Bulgarian traffic cops accept people’s videos and photos as evidence of road law violations

Bulgarian traffic police accept videos and photos sent by private citizens as evidence of gross breaches of road use laws and already have used them as a basis for issuing fines.

The traffic police instituted the policy in response to numerous private initiatives calling for action against dangerous driving and flouting of traffic laws.

Bulgarian Vesselin Stoychev, who has a Facebook page depicting breaches of traffic laws, has been active for two years with his campaign, and now has a collection of close to 400 video clips.

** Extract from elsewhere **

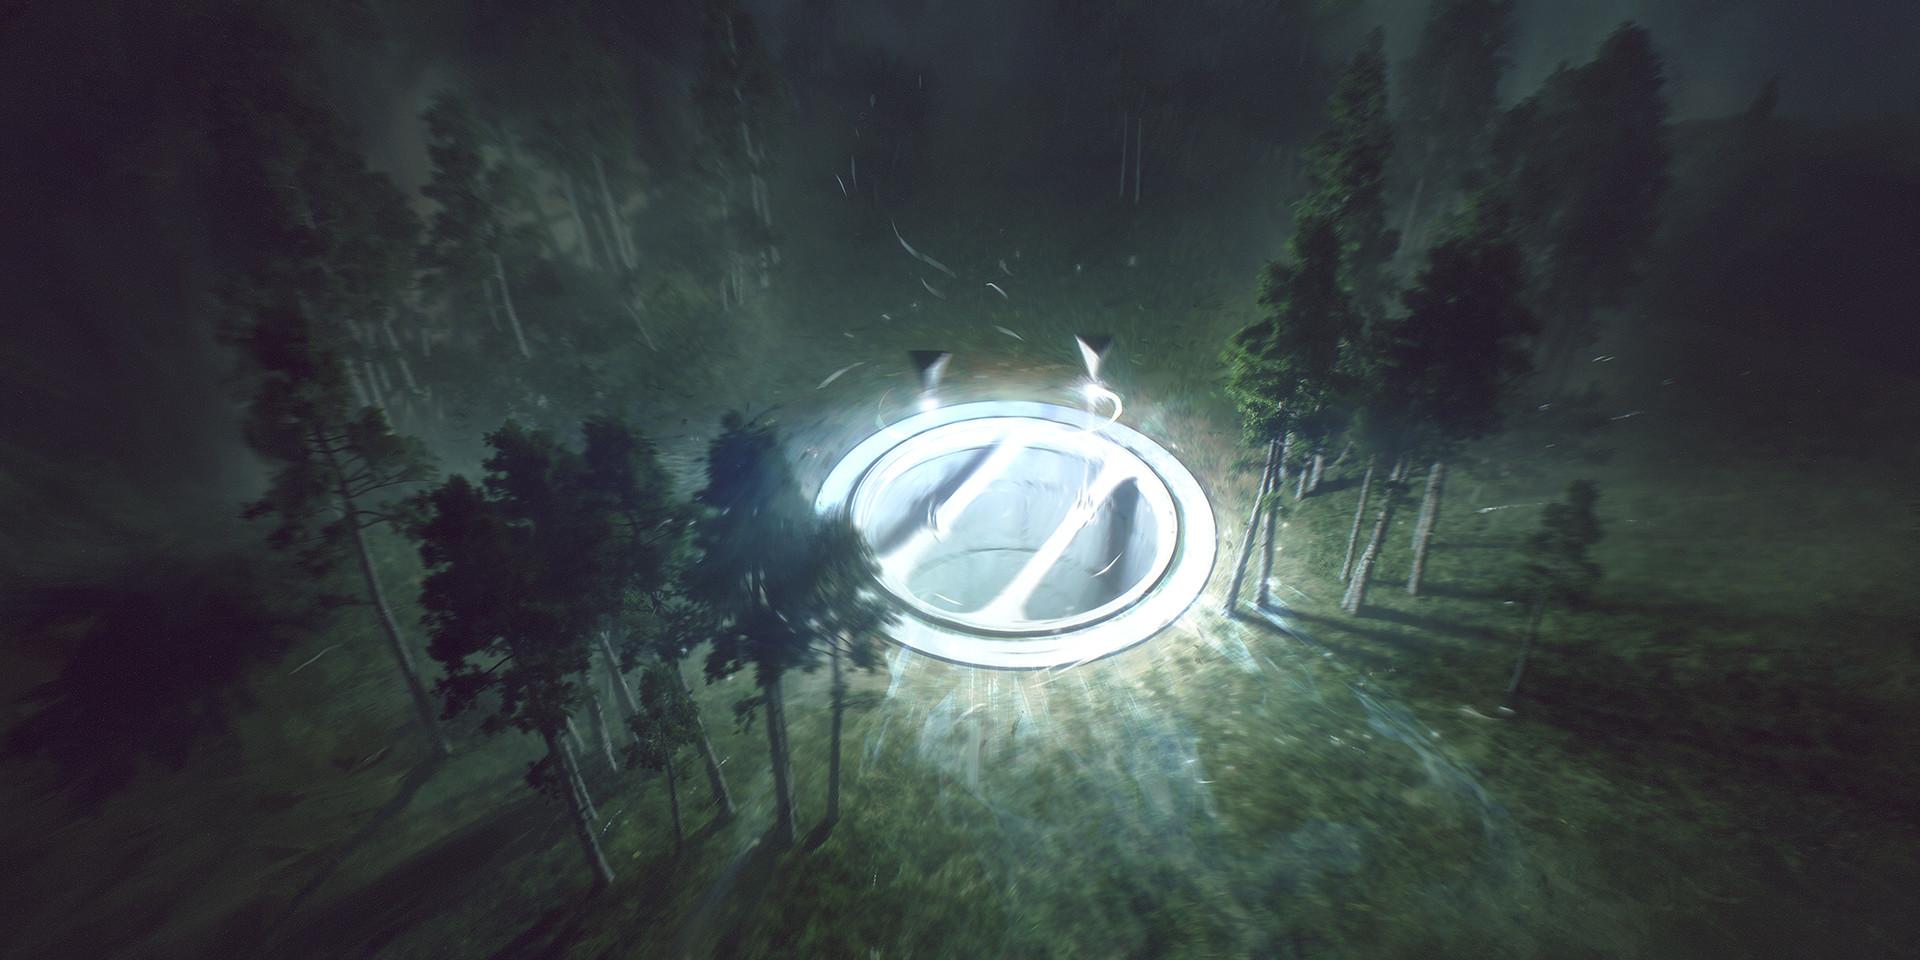 Efflam mercier render sketch night activation copy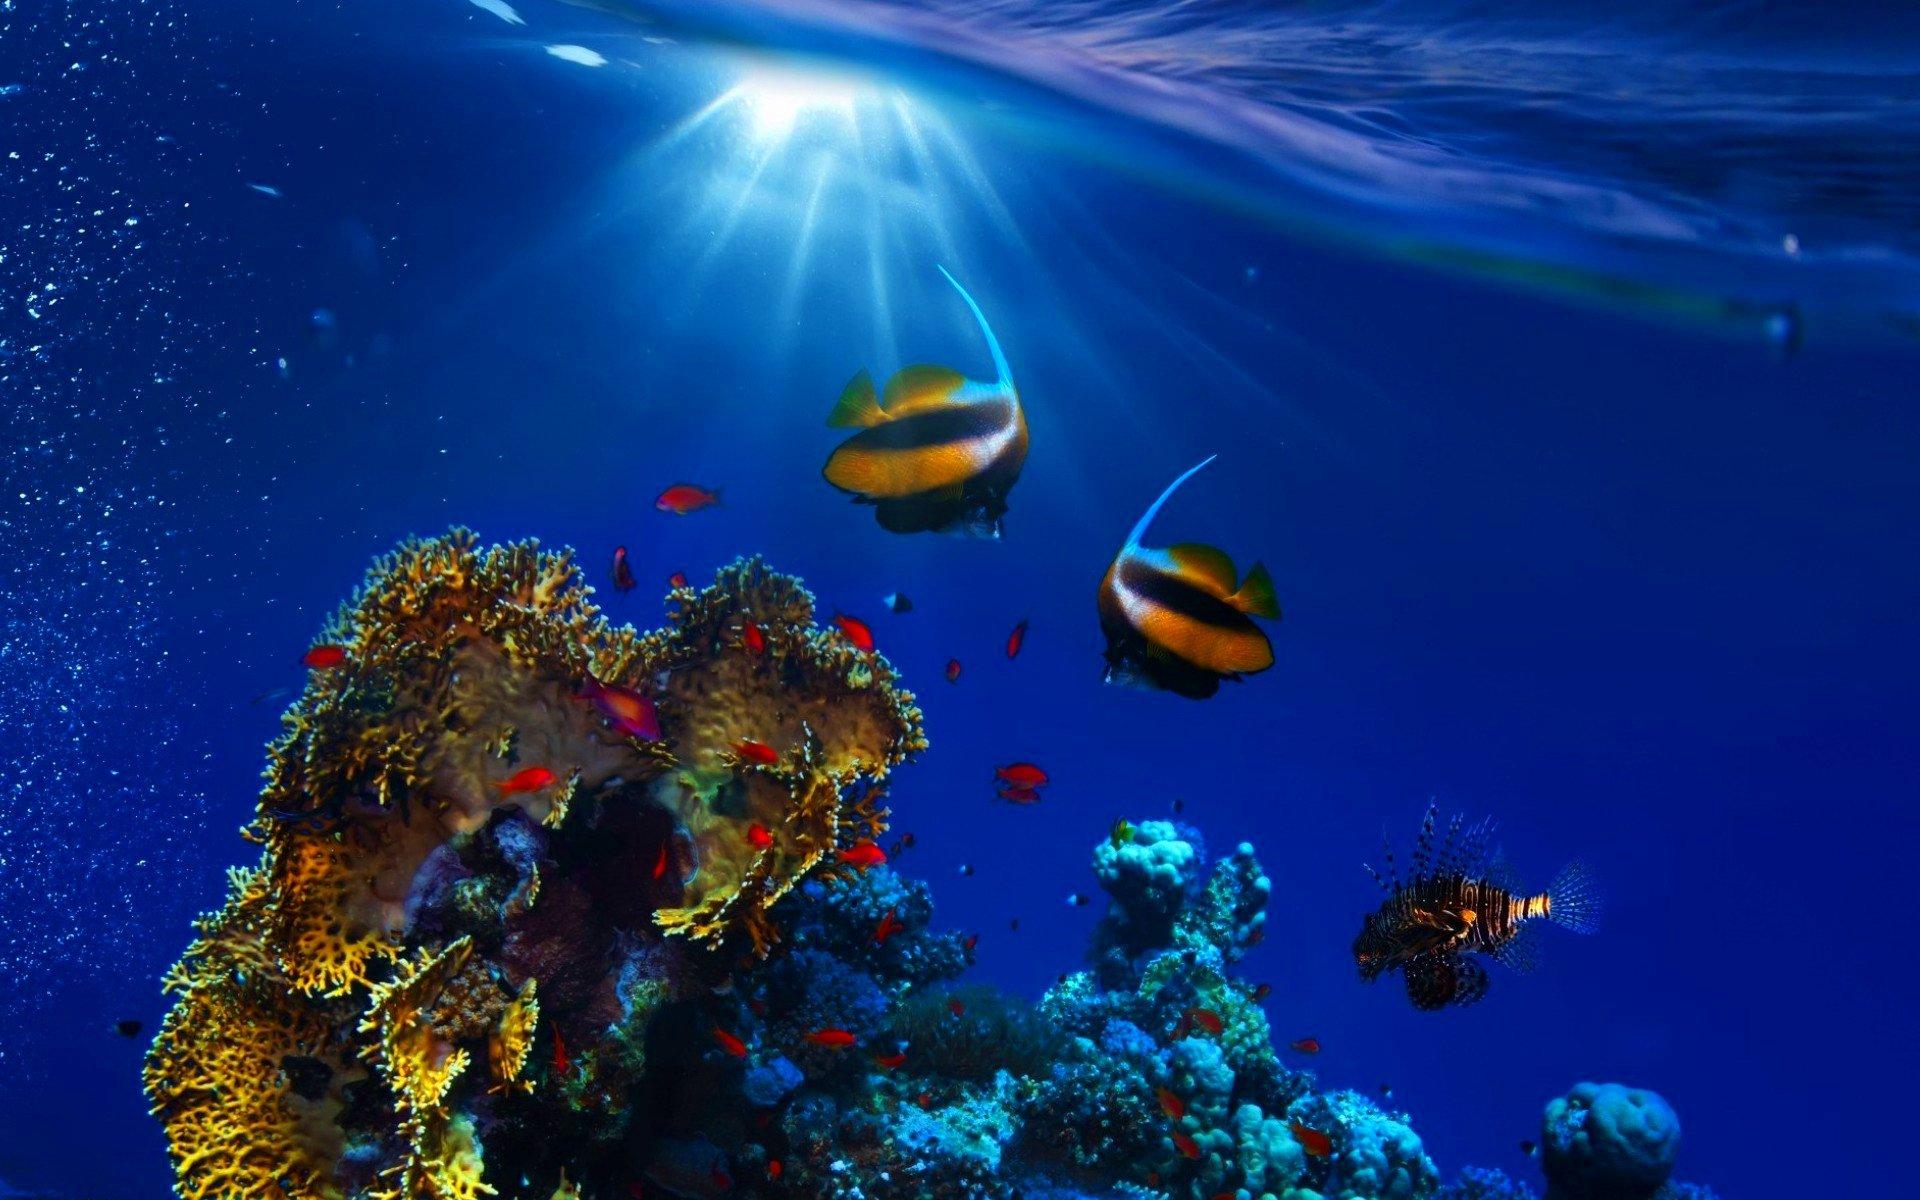 красивые фото море и рыбы в высоком разрешении достались ему его

“My initiative’s goal right now is to show young people how not to behave on the road,” Stoychev – whose Facebook page is called Лудостта по пътищата на България. Нека я спрем заедно (Madness on the roads of Bulgaria. Let’s stop it together) – told local television station bTV.

He said that the most common breaches of traffic laws included people driving cars in dedicated bus lanes during traffic jams, cutting in, turning without signalling, and speeding. Stoychev said that he “continuously” saw motorists breaking traffic laws.

“There are many flagrant violations, people not letting an ambulance past,” he said.

Filming people was a corrective in itself, as motorists balked when they saw that they were being recorded, he said.

Traffic police commissioner Boiko Ranovski said that anyone who submitted such reports should provide additional information about the incident, including date, time and place. Furthermore, the person submitting the evidence should be prepared to testify as a witness.

Traffic police have announced that from next month, offenders will be able to pay traffic fines online.

Separately, Bulgarian police have been conducting regular operations in recent days, directed mainly at drivers of luxury 4×4 vehicles, stopping them for checks for documentation, drink-driving, drug use and checking the contents of their vehicles.

These operation are a sequel to an incident on Sofia’s Ring Road in which a motorist was seriously assaulted by men in a 4×4 who intercepted him after he had hooted at them for reckless driving. Video footage shot by the victim’s wife showed the men, who are now facing criminal charges, beating the man with metal batons.

The incident got extensive media coverage and comment on social networks, prompting police and prosecutors to embark on the operation directed against arrogant and reckless behaviour, especially against convoys of cars surrounding controversial business people. Since the operation began, there have been a number of arrests.